# Bay Area Downhills - Fastest Descent Times



## trainCatcher (Oct 19, 2005)

Since this forum already has discussions on fastest ascents and max descent speeds, it's natural to ask what are people's fastest times on descents. I don't want to encourage folks to go out and break bones in order to break records, I'm just curious about how quickly people descend the local climbs. The only time I seem to record is my descent on King's. My best time is 9 minutes flat from Sklyine to Greer.


----------



## kneejerk (Feb 2, 2007)

I have never timed the decents. I am a down hill junkie of sorts. I started riding road bikes just to go down the hills. I have taimed myself over the years (realizing the risks!) but, I am not afraid to let her fly when the feeling is right. Although I find the speeds relatively slow compared to some motorcycle road racing I have done, it is difficult to beat that satisfying feeling of cornering close to the limit on a road bicycle.


----------



## scottyperkins (Jun 18, 2007)

I have an 18% hill on my morning commute, and I've hit just a whisker under 60mph.

I rode King's for the first time a few weeks ago and I was really impressed by the descending skills of a group that was up ahead of me. I'll have to go back and pull out my descent times from two of the other rides in the South Bay (Rt. 9 from Skyline and Mt. Hamilton Road). While I'm sure there are *many* better descenders on those routes I haven't been passed by any of 'em yet.


----------



## scottyperkins (Jun 18, 2007)

trainCatcher said:


> Since this forum already has discussions on fastest ascents and max descent speeds, it's natural to ask what are people's fastest times on descents. I don't want to encourage folks to go out and break bones in order to break records, I'm just curious about how quickly people descend the local climbs. The only time I seem to record is my descent on King's. My best time is 9 minutes flat from Sklyine to Greer.

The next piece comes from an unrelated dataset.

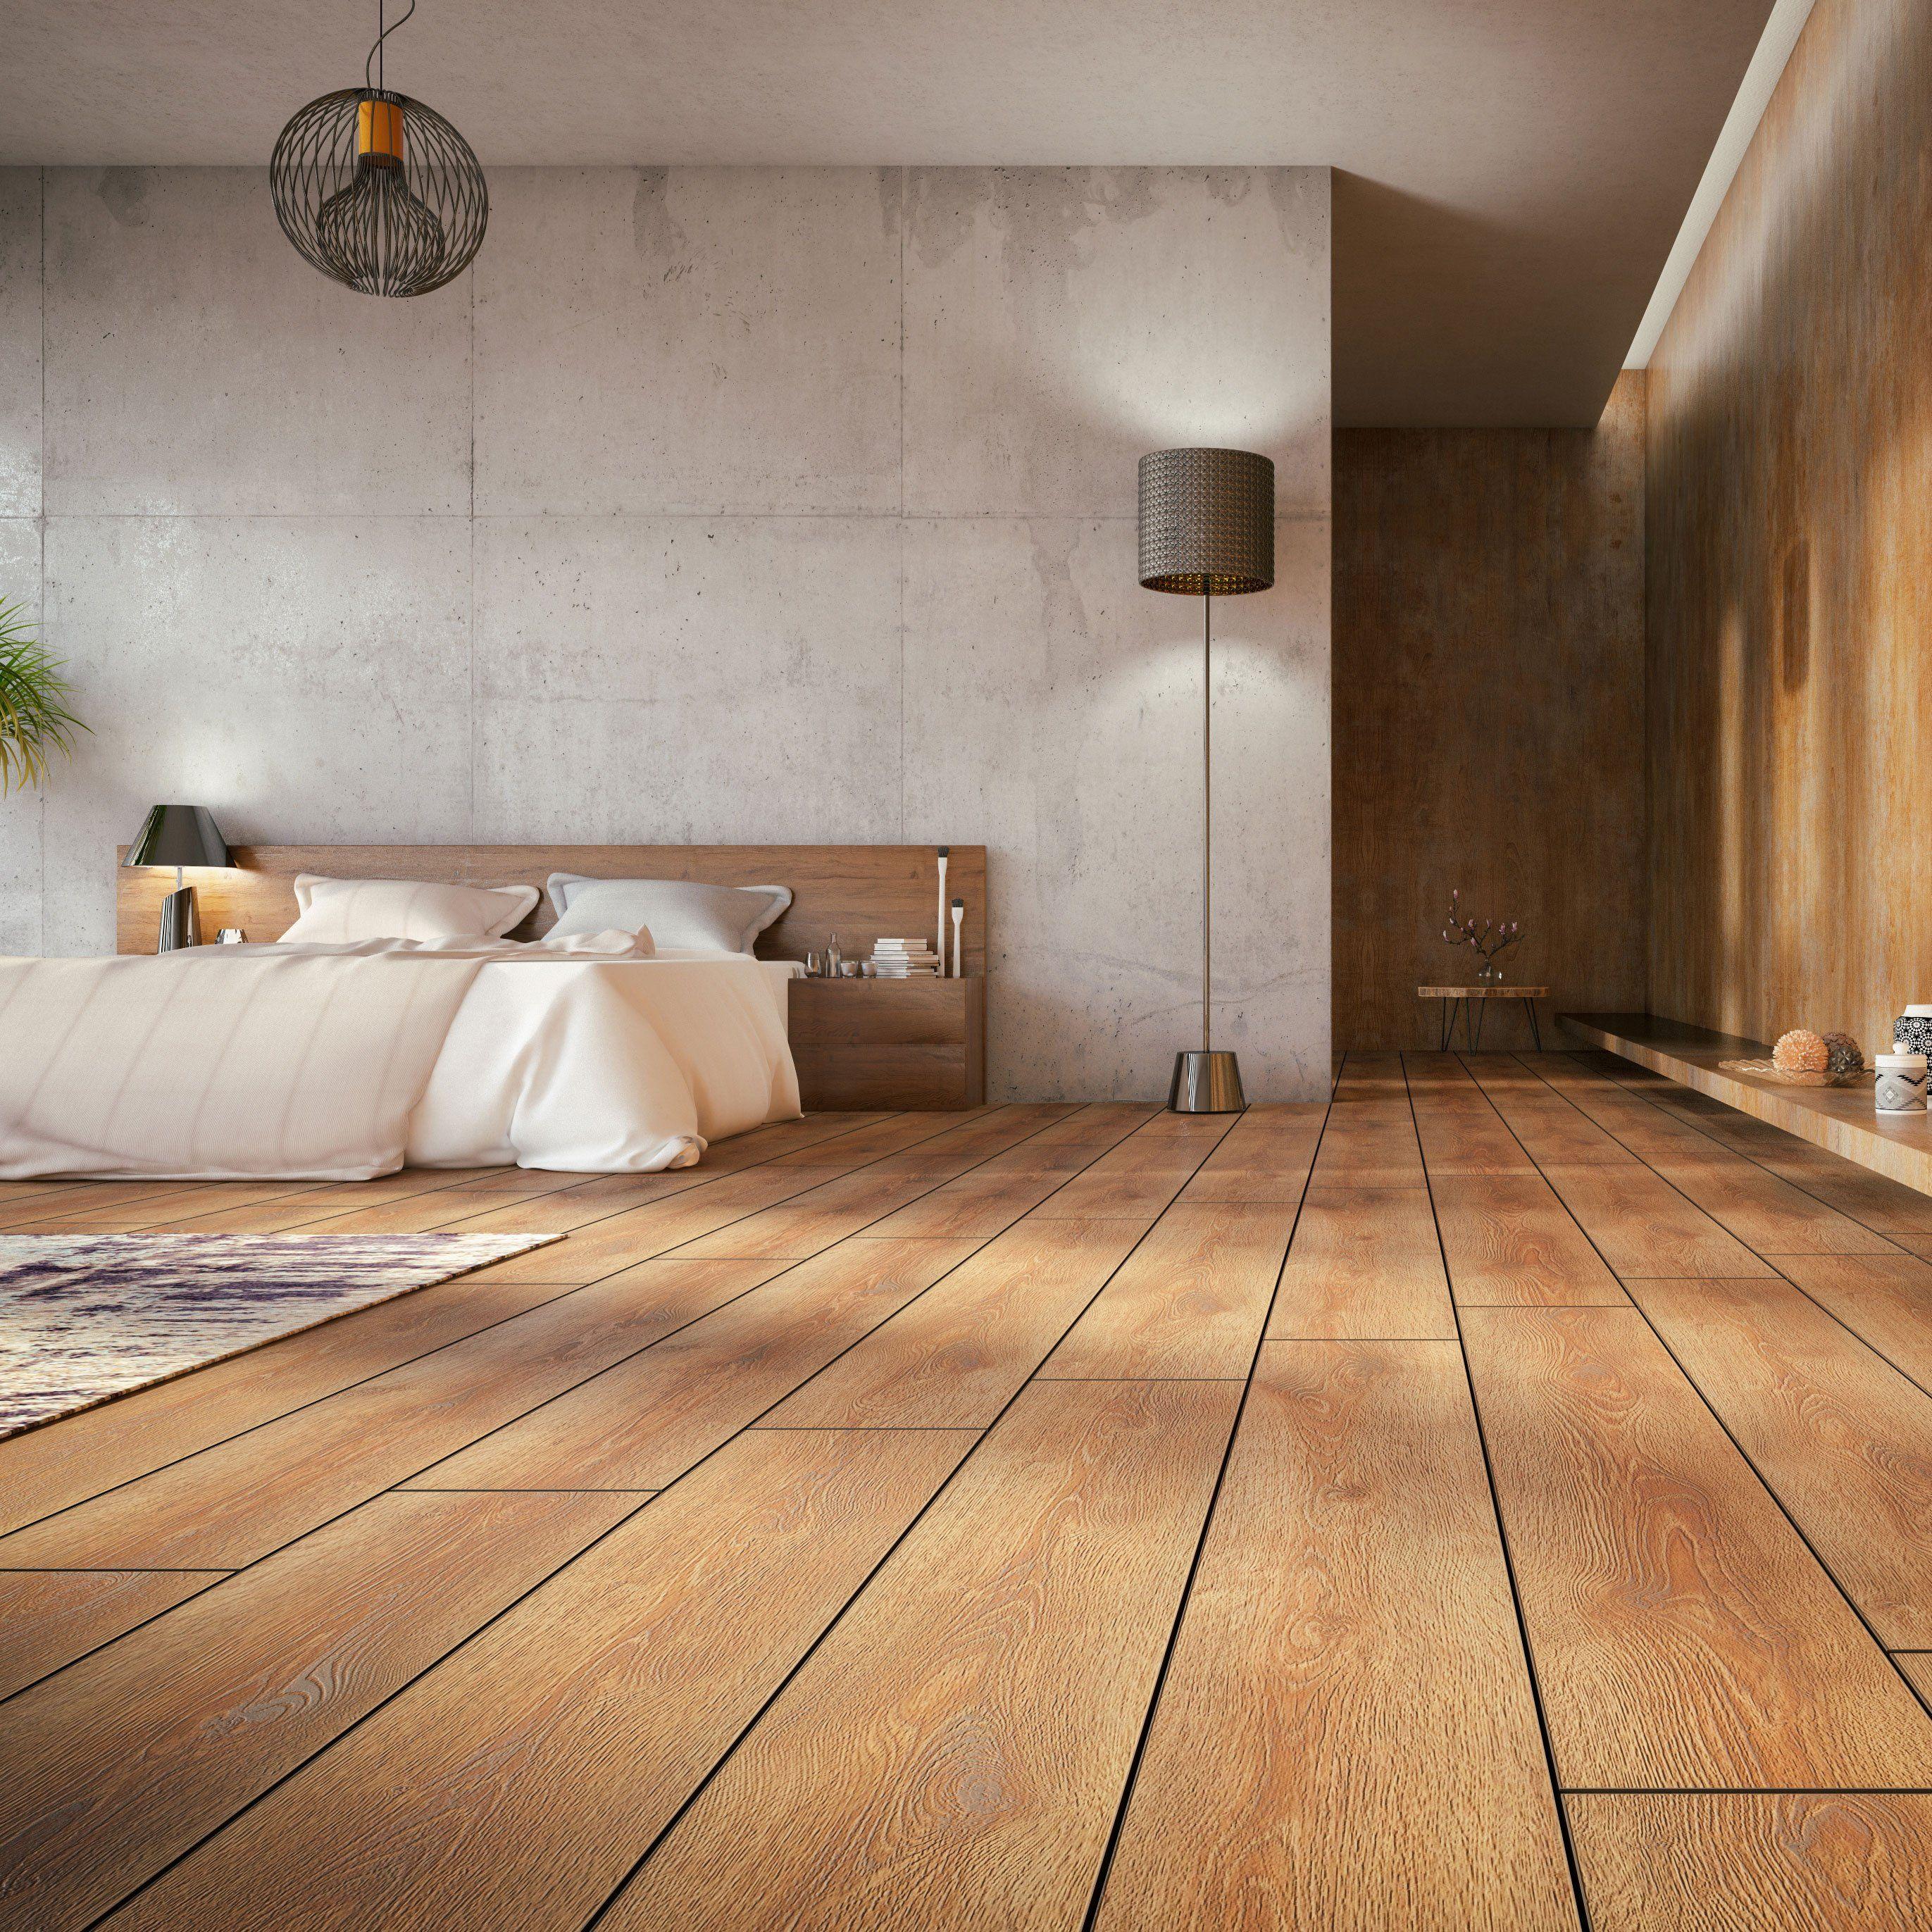 Flooring Ideas for the Bedroom | Refinishing hardwood ...

I did 9:42 yesterday, my second time ever down that stretch. Looks like I'll have to try harder.


----------



## trainCatcher (Oct 19, 2005)

scottyperkins said:


> I did 9:42 yesterday, my second time ever down that stretch. Looks like I'll have to try harder.


Don't try too hard!  There are a few hard corners on Kings that sneak up on you and I've heard of experienced bikers going off the road on those parts.

I love the technical downhills, but I usually forgot to stop timing myself at the bottom. I'm looking forward to going Page Mill now that it's repaved. Though PM is not as pure of a descent test, from a timing perspective, due to the rollers at the top. Though, I do enjoy going down 84 from Skyline (in any direction), even though it's more of a one dimensional descent.


----------



## kneejerk (Feb 2, 2007)

East Highway 9 in Saratoga/San Jose: did it today, clocked 12:20 from top to bottom (stop sign to town), I had use of a truck 2/3 the way for drafting which helped get my max speed up to 48.3mph (I usually don't see more than 45mph on this hill), it was cold and I had a loose wind breaker on, Cateye gave me an average speed of 32.9mph., 6.99 miles,

I timed myself on the way up too, but that was nothing special


----------